COPB2 Is Upregulated in Prostate Cancer and Regulates PC-3 Cell Proliferation, Cell Cycle, and Apoptosis

Background and aims: Transport of membranes and proteins in eukaryotic cells is mediated by vesicular carriers. Coatomer complex I (COPI)-coated vesicles are involved in the transport between endoplasmic reticulum (ER) and Golgi complex. Several studies indicated that some subunits of COPI were correlated with the cell proliferation of malignant tumors. The present study focused on the function of coatomer protein complex subunit β 2 (COPB2), one of seven proteins in COPI, in prostate cancer (PCa).

Methods: COPB2 gene expression was first analyzed by immunohistochemistry (IHC) in 15 paired PCa and carcinoma adjacent normal tissue from patients. To investigate the role of COPB2 in PCa, we used lentivirus-mediated small interfering RNA (siRNA) to knockdown COPB2 expression in human PCa cell line PC-3 and assessed it by RT-qPCR. Cellomics ArrayScan VTI imaging and colony formation were conducted to evaluate cell proliferation. Cell cycle phase arrest and apoptosis were assayed by flow cytometry.
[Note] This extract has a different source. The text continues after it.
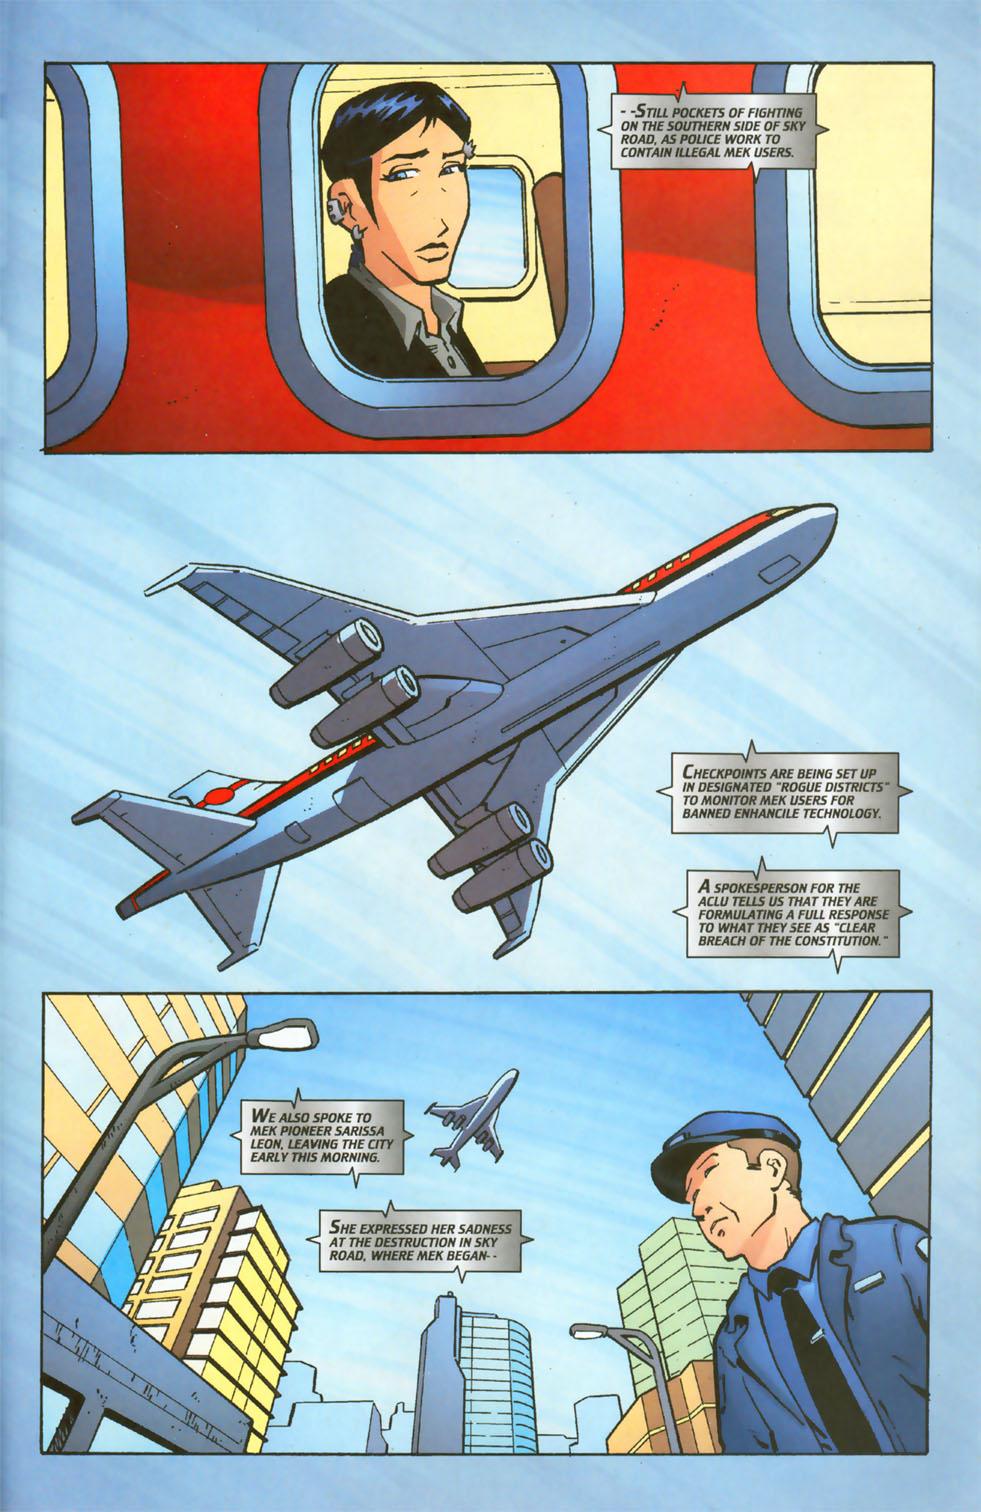 Read online Mek comic -  Issue #3 - 25

Results: COPB2 gene was upregulated in the PCa tissue. Cell proliferation was significantly inhibited in COPB2-silenced PC-3 cells using both Cellomics ArrayScan VTI imaging and colony formation assays. S-phase cell counts were significantly decreased; G1- and G2-phase cell counts were significantly increased in COPB2-siRNA group than the control group. Apoptosis was significantly increased in COPB2-siRNA cells.

Conclusions: COPB2 significantly promoted PC-3 cell proliferation and colony formation through the cell cycle and apoptosis pathway. Moreover, COPB2 showed a clinical correlation and may serve as a biomarker for the detection for PCa.